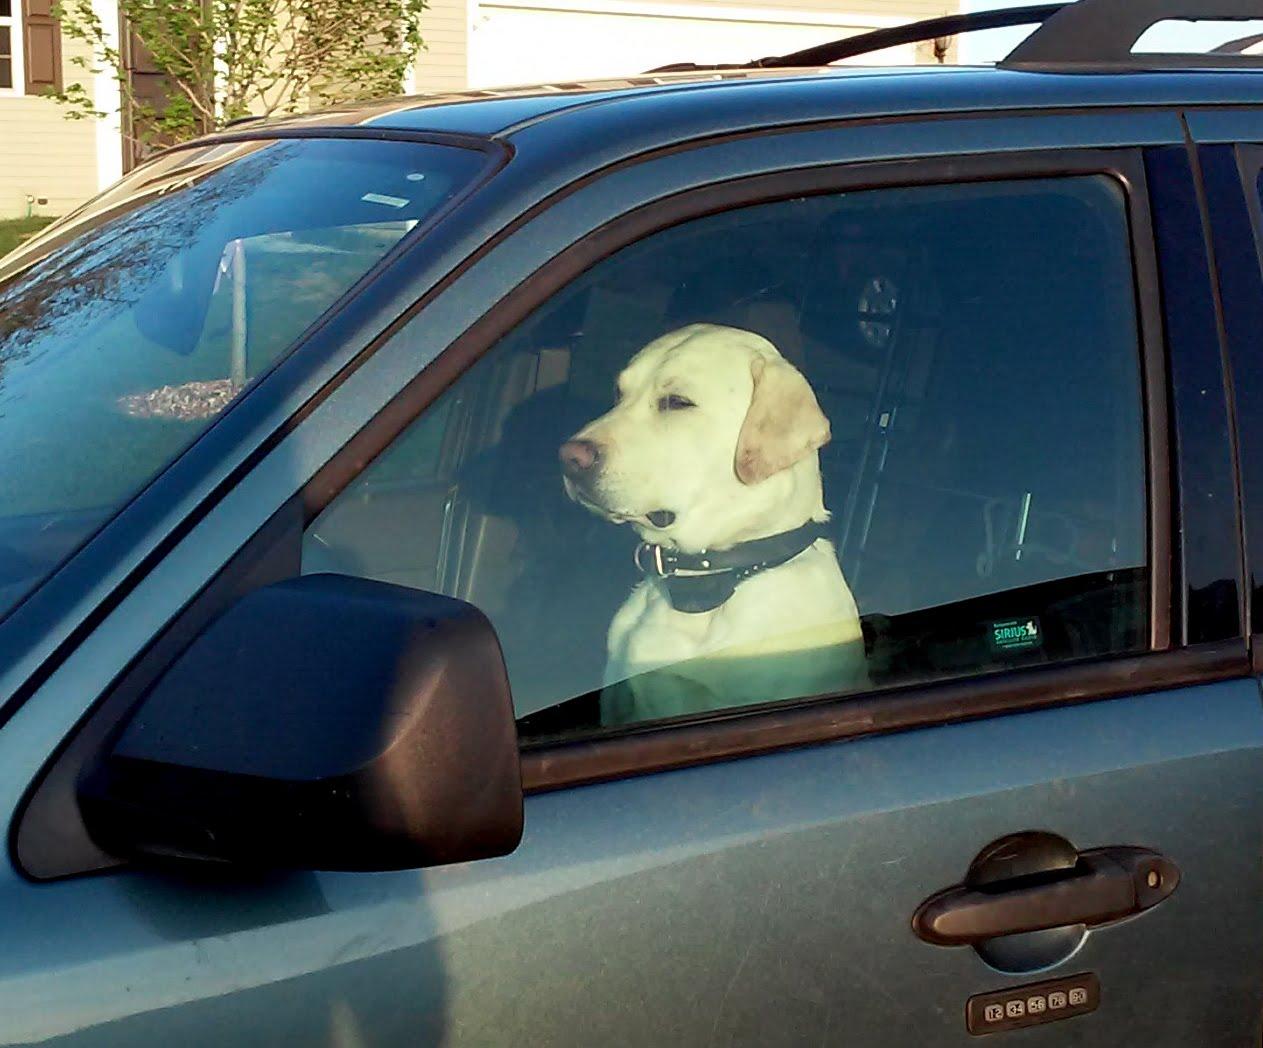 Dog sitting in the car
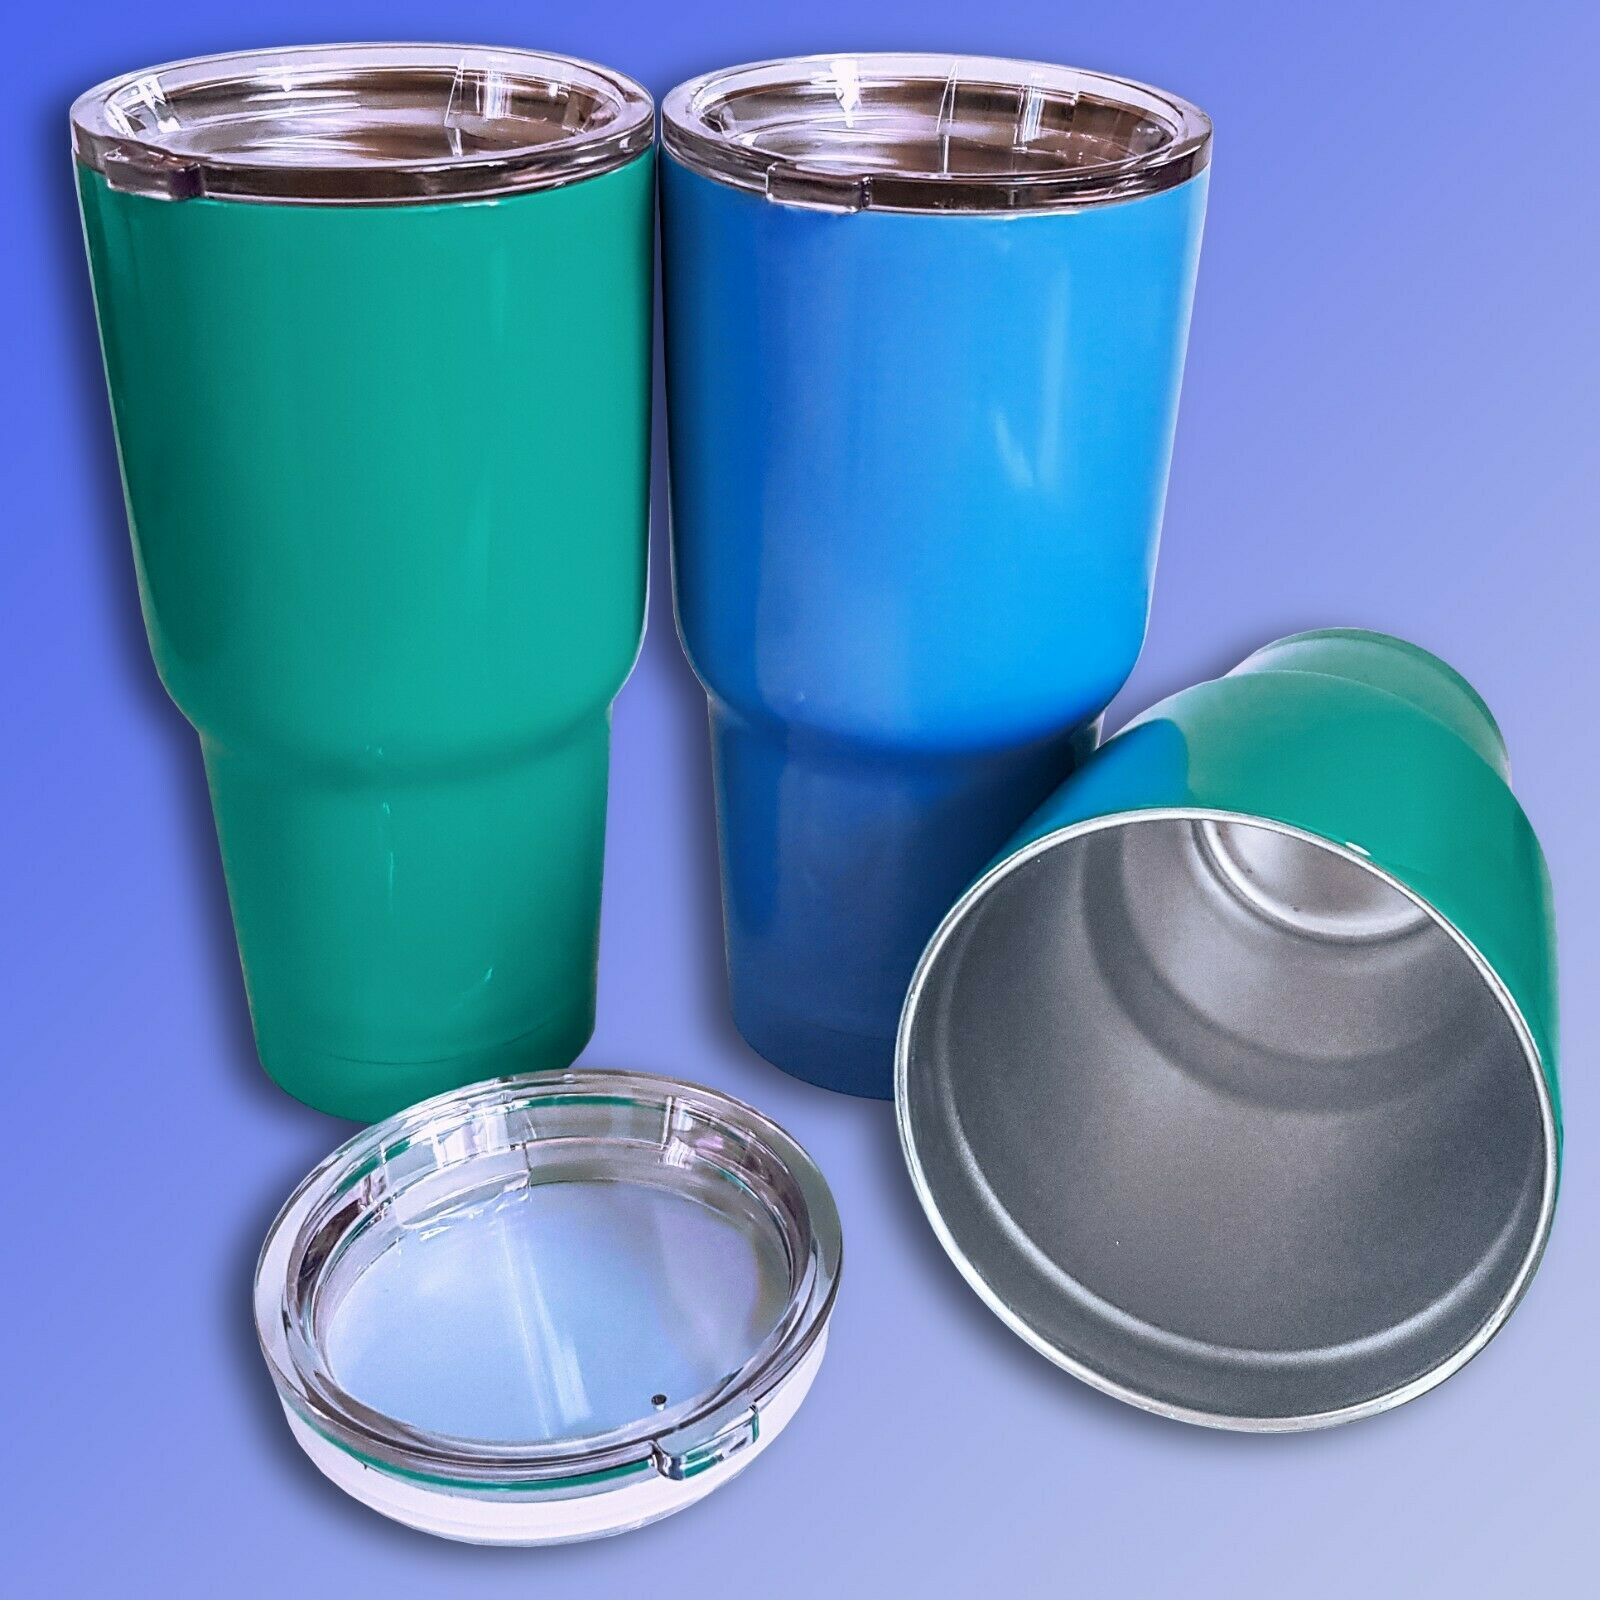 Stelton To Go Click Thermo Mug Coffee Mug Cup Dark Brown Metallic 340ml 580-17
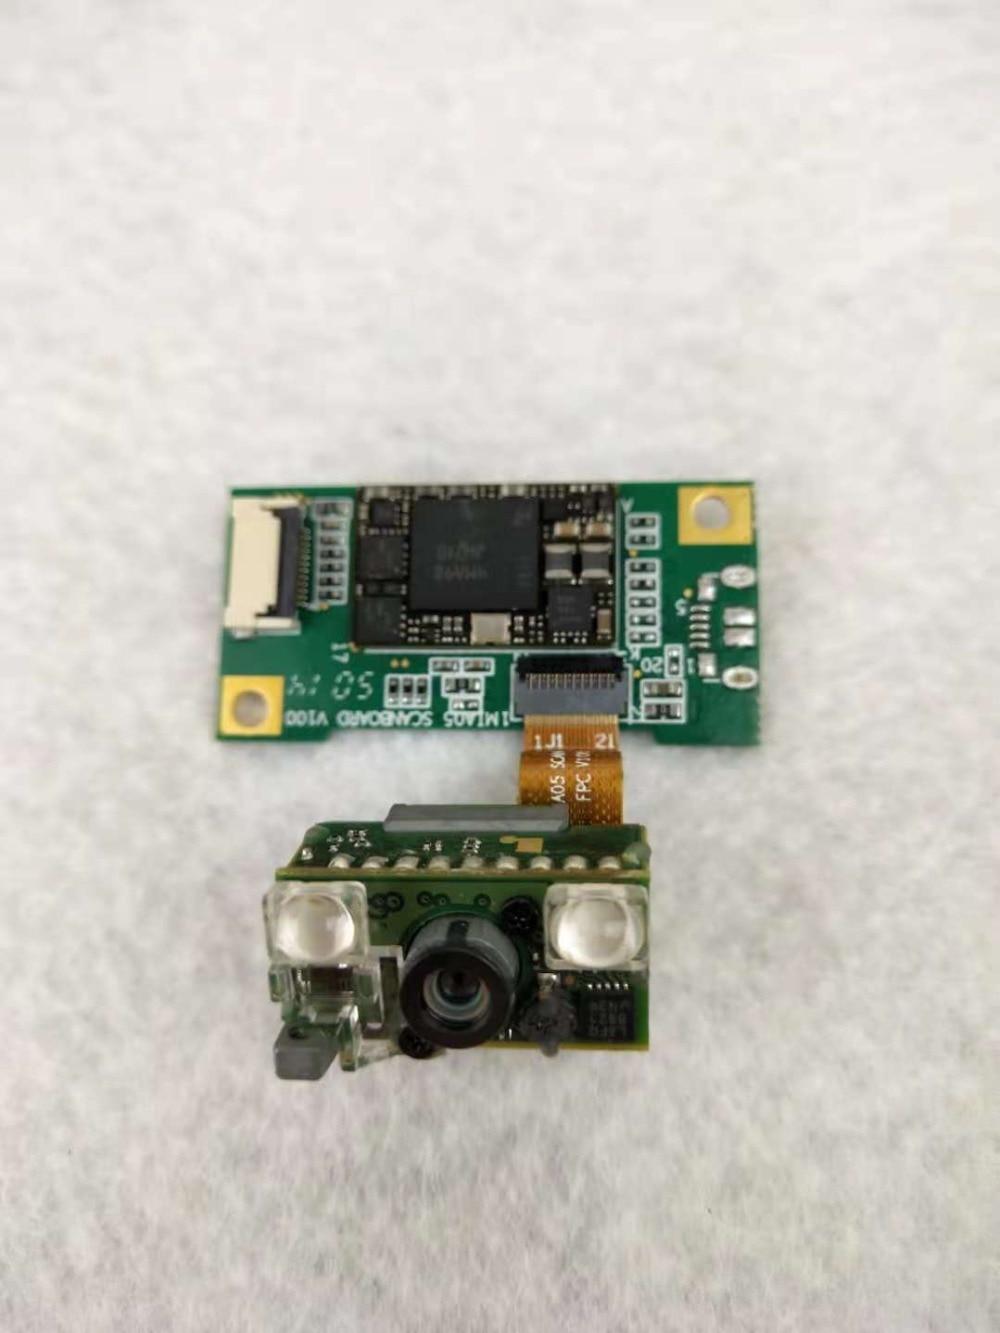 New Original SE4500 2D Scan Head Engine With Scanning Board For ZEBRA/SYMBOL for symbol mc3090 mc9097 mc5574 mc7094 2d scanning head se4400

—————

YOUR TASK: Give back the listing word for word, minus its images.

ANSWER SPACE:
 Dog sitting in the car
 Stelton To Go Click Thermo Mug Coffee Mug Cup Dark Brown Metallic 340ml 580-17
 New Original SE4500 2D Scan Head Engine With Scanning Board For ZEBRA/SYMBOL for symbol mc3090 mc9097 mc5574 mc7094 2d scanning head se4400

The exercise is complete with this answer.